Michael Collins
- Birth name: Michael Collins
- Date of birth: 10 May 1974 (age 50)
- Place of birth: New Plymouth, New Zealand
- Height: 1.78 m (5 ft 10 in)
- Weight: 112 kg (17 st 9 lb)
- University: Waikato University

Rugby union career
- Position(s): Prop

Senior career
- Years: Team / Apps / (Points)
- 2005-07: London Irish /  / ()
- 2007-08: Glasgow Warriors / 5 / (0)

Provincial / State sides
- Years: Team / Apps / (Points)
- -: Waikato / 73 / ()

Super Rugby
- Years: Team / Apps / (Points)
- 1997-2005: Chiefs / 81 / ()

International career
- Years: Team / Apps / (Points)
- –: New Zealand U19
- –: New Zealand U21
- –: New Zealand 'A'
- –: New Zealand Barbarians

Coaching career
- Years: Team
- 2008-12: Taranaki (Rugby Development Manager)
- Taranaki (Scrum coach)
- 2013-: Taranaki (Chief Executive)

= Michael Collins (rugby union, born 1974) =

New Zealand rugby player (born 1974)

Michael Collins (born 10 May 1974) is a former New Zealand 'A' international rugby union player. He played for Glasgow Warriors, London Irish and Chiefs.

==Rugby Union career==

===Amateur career===

Former captain of New Plymouth Boys' High School first XV.

===Professional career===

He had 73 games for the provincial side Waikato.

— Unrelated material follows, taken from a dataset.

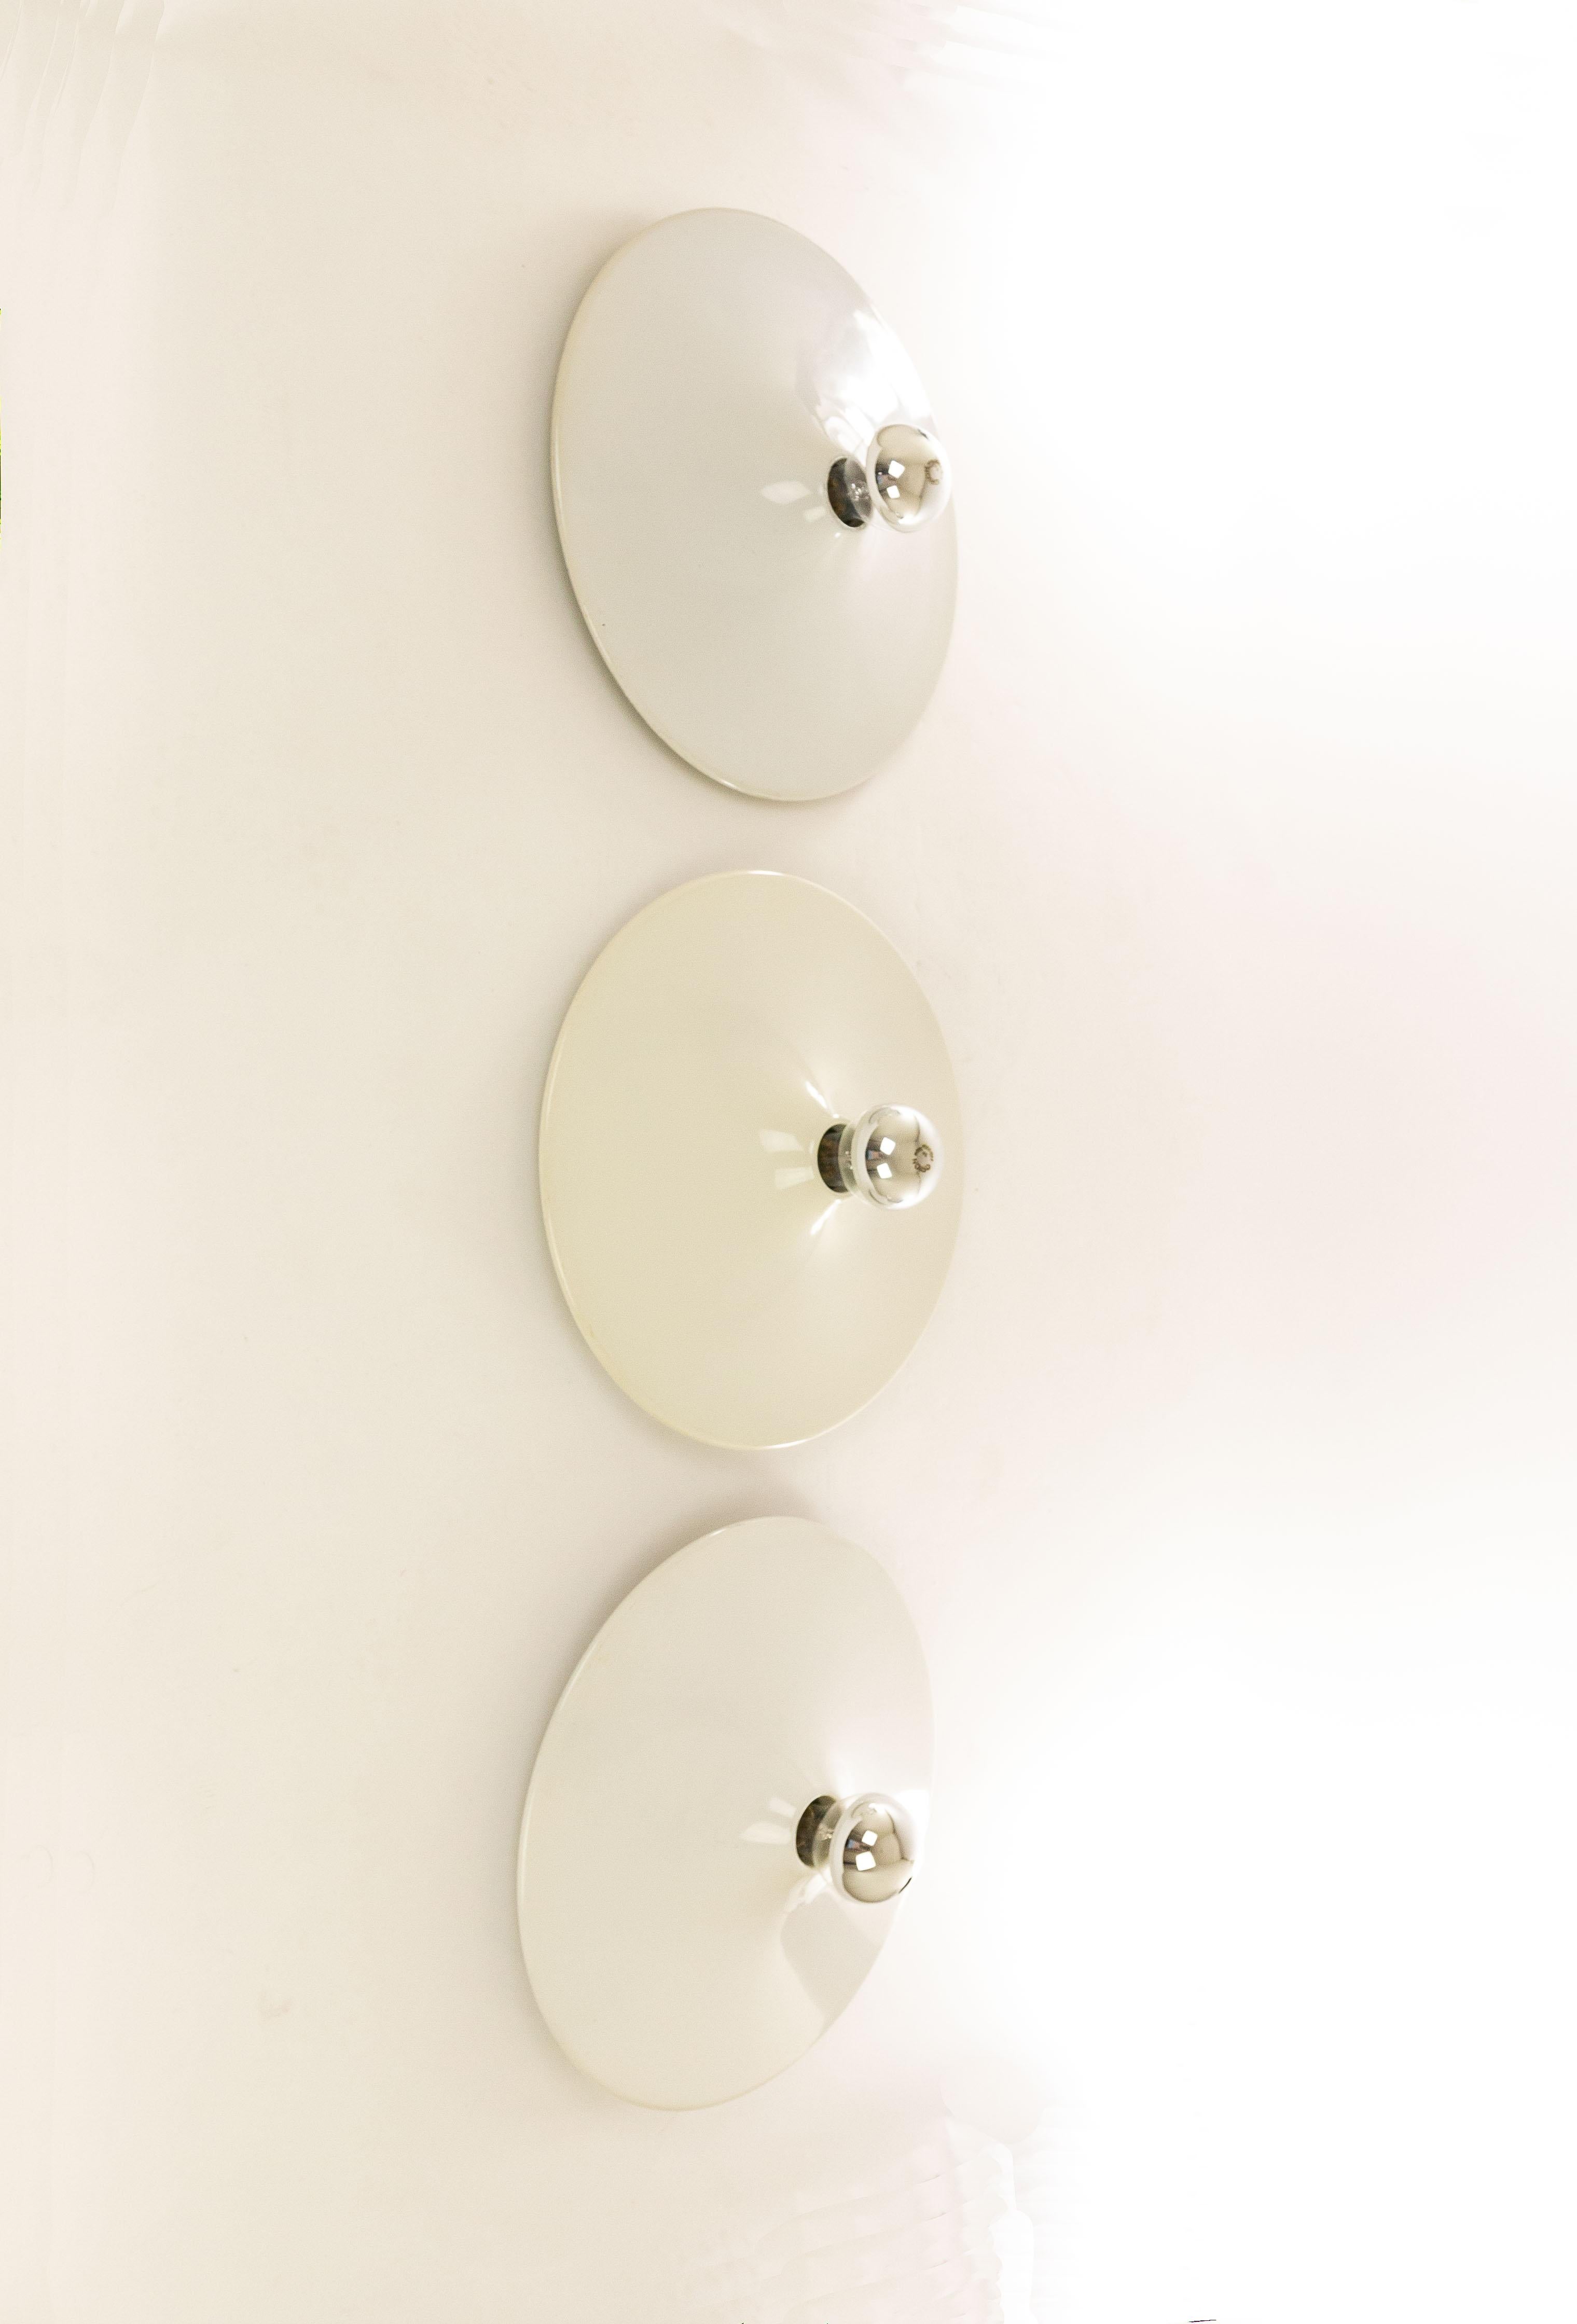 Set of three off-white aluminium ceiling or wall lamps by Gianluigi Gorgoni for Italian lighting manufacturer Stilnovo.

This model, that is also known under the name Disco, was produced in three different colors: green, white and red. The

He began his professional career playing for the New Zealand provincial Super Rugby team Chiefs. He captained the side in 1999.

He signed for Glasgow Warriors in 2007, after a two year with London Irish.

===International career===

Collins has played for New Zealand U19, New Zealand U21, New Zealand 'A' and New Zealand Barbarians.

===Coaching career===

In September 2008 Collins joined Taranaki as a rugby development manager, leaving Glasgow Warriors. He later became the club's scrum coach.

===Administration career===

In 2013 was made Chief Executive of Taranaki Rugbry.